For a light pickup (I refer to mine as a "half scale" pickup) that seems to take rough roads really well, I've been happy with my S10. It handles horribly in deep mud/snow/etc., but on dry, rough, potholded, washboarded roads, it's extremely reliably and handles well enough. Mine has -- knock wood -- 142K on it and it's never been in the shop. I replaced the shocks at 120K and the front brakes at about 90K and that's it. I drive on dirt roads daily, and it's a 2001, if that gives you any idea of the amount of abuse it takes. Lots and lots of nasty dust, too. 

Eats batteries, though -- be nice if someone could suggest a BATTERY that will take rough roads. 

Leva


----------



## herefordman (Aug 24, 2004)

This is an easy one, a 4 wd Subaru Forester, they're all over out here, very reliable and will drive through anything, if you climb to the tops of the mountain trails out here, all you'll see parked up there are Subaru Foresters.
Many of these Mountain trails are so high and steep, even the big bad boy Suburbans can't get there, why ? Simple, they weigh too much !!!!


----------



## Paul72 (Mar 13, 2005)

An old International pickup. Lasted forever big bus sized engine and was tough. would love to find another one.


----------



## Blu3duk (Jun 2, 2002)

We bpught an old 84 gas hog suburban 5 years ago when my wiferolled her 95 dodge pickup..... we only have about 1/4 mile of gravel we drive on.... now i aint saying i aint took it where i shouldnt have, like pushing 2 feet of snow to get to my dad-in-law and his hunting dogs when he had problems [never do that one again either at least with the wife on board], chaining up all four corners was a pain, but it did not have a rattle in it [was a used WSU vehicle] and now it seems weekly it finds something else to shake loose and cause me to hunt it down and tighten it or something..... but at 7000 pounds it holds the road EXTREMELY well in most every type of weather ive been in.... at 12 mpg it isnt bad either for a 4x4 with a 350 [out of a 71 wrecker unit rebuilt just before i bought it] in it and 3/4 ton..... 

I have my 78 Ford Crew cab wth a 351 morphidite in it which gets 13 empty and 9 pulling a 2 horse trailer, and my regular cab 77 ford f250 which gets about 13 or so and has 400 ponies pulling it down the road [could have 500 but i dont want to put the 4 barrel on her] both of those are 4x4 and they rattled from the factory i spect cause they aint changed much over the years.
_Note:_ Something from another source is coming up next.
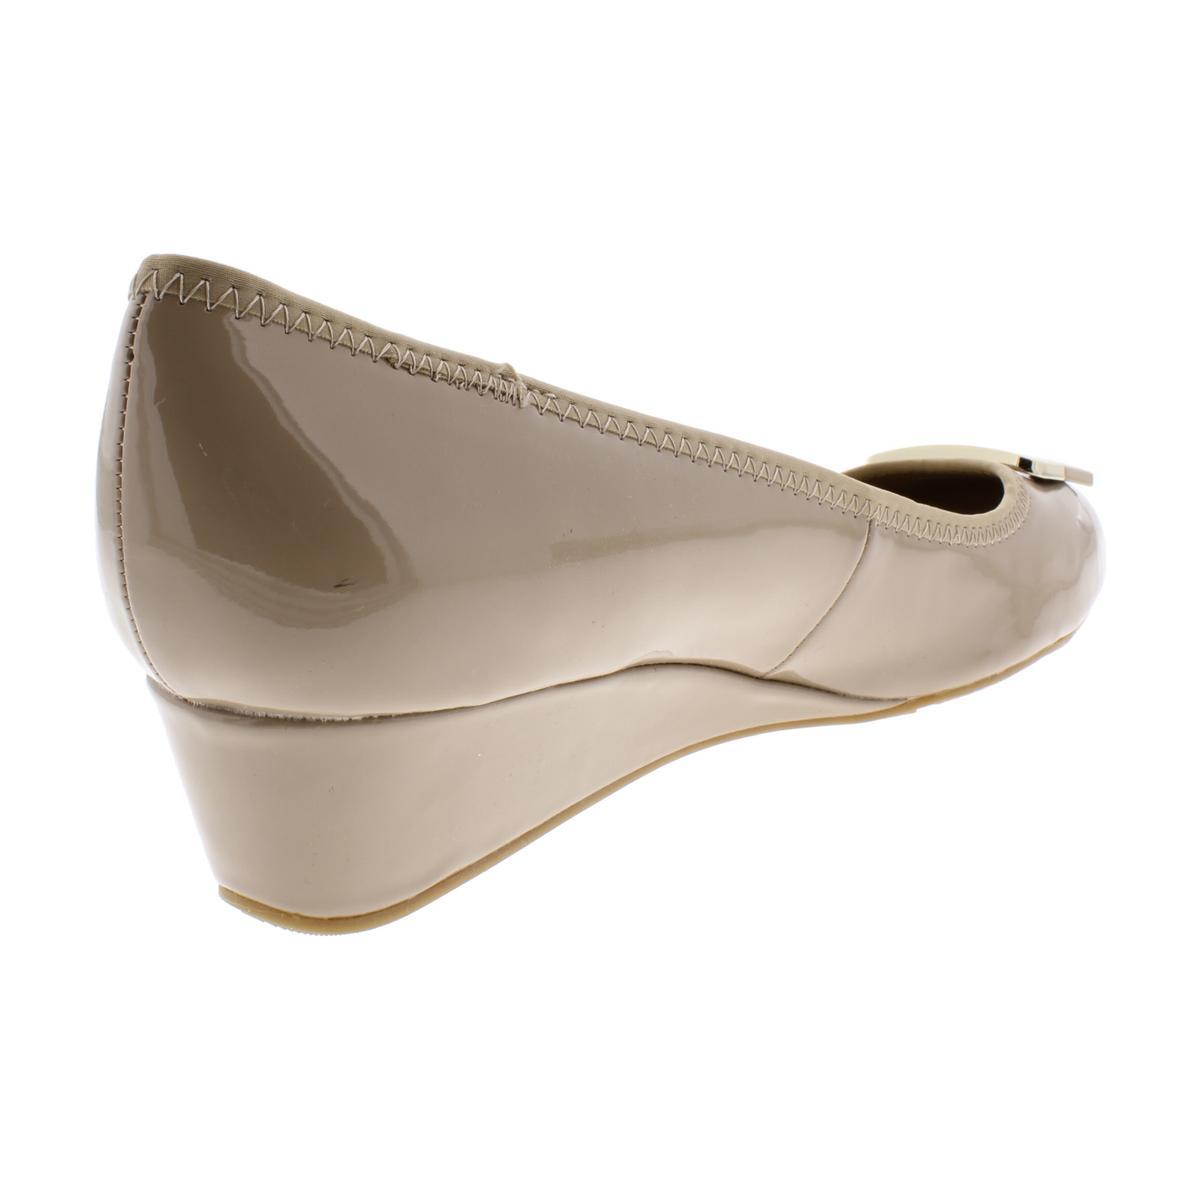 Bandolino-Womens-Tad-Padded-Insole-Round-Toe-Dressy-Wedge-Heels-Shoes-BHFO-3570 thumbnail 6

good tires, lower air pressure [i run 60 pounds in mine cause i haul to much at times] will also keep you from shakin your teeth out, 1/2 ton over a 3/4 or 1 ton undercarriage will give you a better ride, but may not last as long either....

I put 61 3/4 ton springs from under a International in my 73 chevy 1/2 ton 2x4 when i was hauling firewood commercially..... was neat to see the look on some people faces when they saw a cord and a half on that ole rig and it not sitting down either.... but i digress.....

the only rigs i know of that will totally hold up on rough terrain are tractors, crawlers [although you have to use lower gears] and motorscooters...... al which are hard to move the family with.

William


----------



## foxtrapper (Dec 23, 2003)

Might want to consider the old Toyota 4runner. Sounds like it might be just what you're looking for.


----------